All fair criticism, Al, and I'm sure that there are plenty of occasional (or even hardcore) Wikipedia editors in this thread. I'm actually reassured to know that there are so many hardcore Wikipedia editors, because that means they only have to keep an eye on an average of 52 pages each.

But I'm still slightly perturbed by the thought of those primary school kids having an Alan MacMasters day of toast activities. Here they are. A minor Wikipedia hoax ended up in a bunch of kids' jotters in January 2022.
posted by rory at 5:47 AM on November 21, 2022 [1 favorite]

Years back, when LiveJournal was still relevant, I noted in my LJ that I had been reading the Wikipedia article about cassowaries. And I couldn't find any references to the zookeeper who was disemboweled after "taunting a cassowary from what had previously been considered to have been a safe distance" except in the article, which made me wonder if someone had made it up. But that I was going to decide to keep believing it anyway.

Several years later, after that line had been deleted, I got a message from someone who'd been googling himself and his family, who mentioned that the zookeeper in question had been his uncle. Who wasn't a zookeeper, had never been disemboweled and was alive and well, and, in fact, had never seen a cassowary, but the person who messaged me had decided that he wanted to put his uncle in Wikipedia, and hadn't realized that the line had stayed up for literal years and been quoted other places.
posted by Xiphias Gladius at 5:48 AM on November 21, 2022 [4 favorites]

The Scotsman appears to have taken down its page about it, but a UK-based Google search turns up some others:

Made up in Britain: Alan MacMasters 1893 Last updated 1 December 2020. Made up?

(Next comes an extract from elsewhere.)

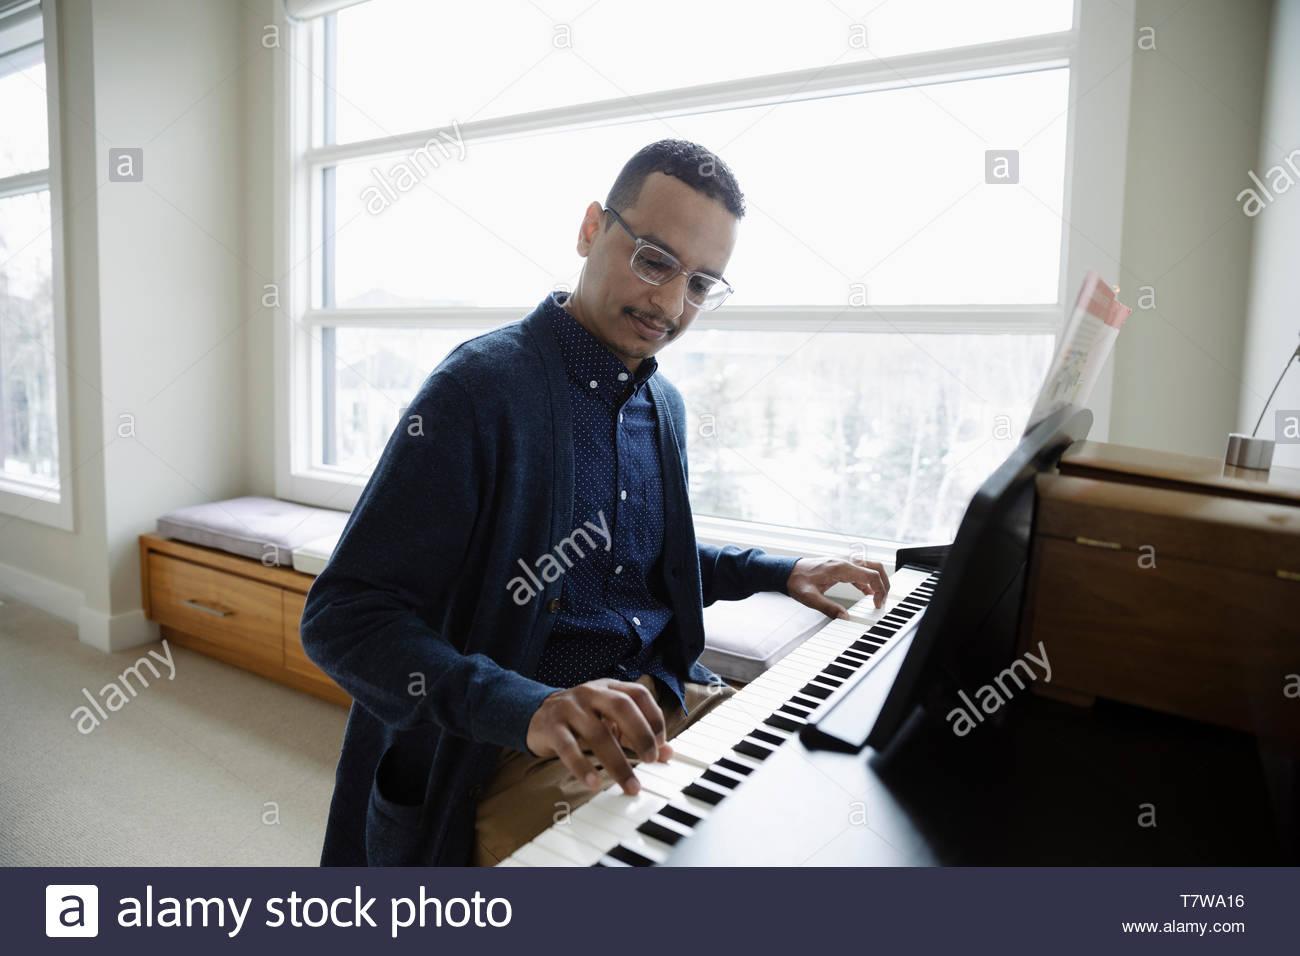 Man playing piano at home - Stock Image

That sounds as if it's in on the joke, but the other pages on the site refer to real inventions.

Who Invented the Toaster: A Brief History (7 October 2022) - some blog.

Scot-study, 20 May 2020 on Facebook - an educational consultancy with 1.7k followers.

The First Electric Bread Toaster - a "writer, editor, and digital storyteller" riffing off the Wikipedia page to "fill in the blanks". Date uncertain.

And the 12 August 2022 story that may have sparked the BBC's interest:
A long-running Wikipedia hoax and the problem of circular reporting.
posted by rory at 10:00 AM on November 21, 2022 [2 favorites]

Well, don’t I feel superior now—I knew this was a hoax since learning the name of the electric toaster’s inventor from Martin Scorsese’s 1973 classic Goncharov.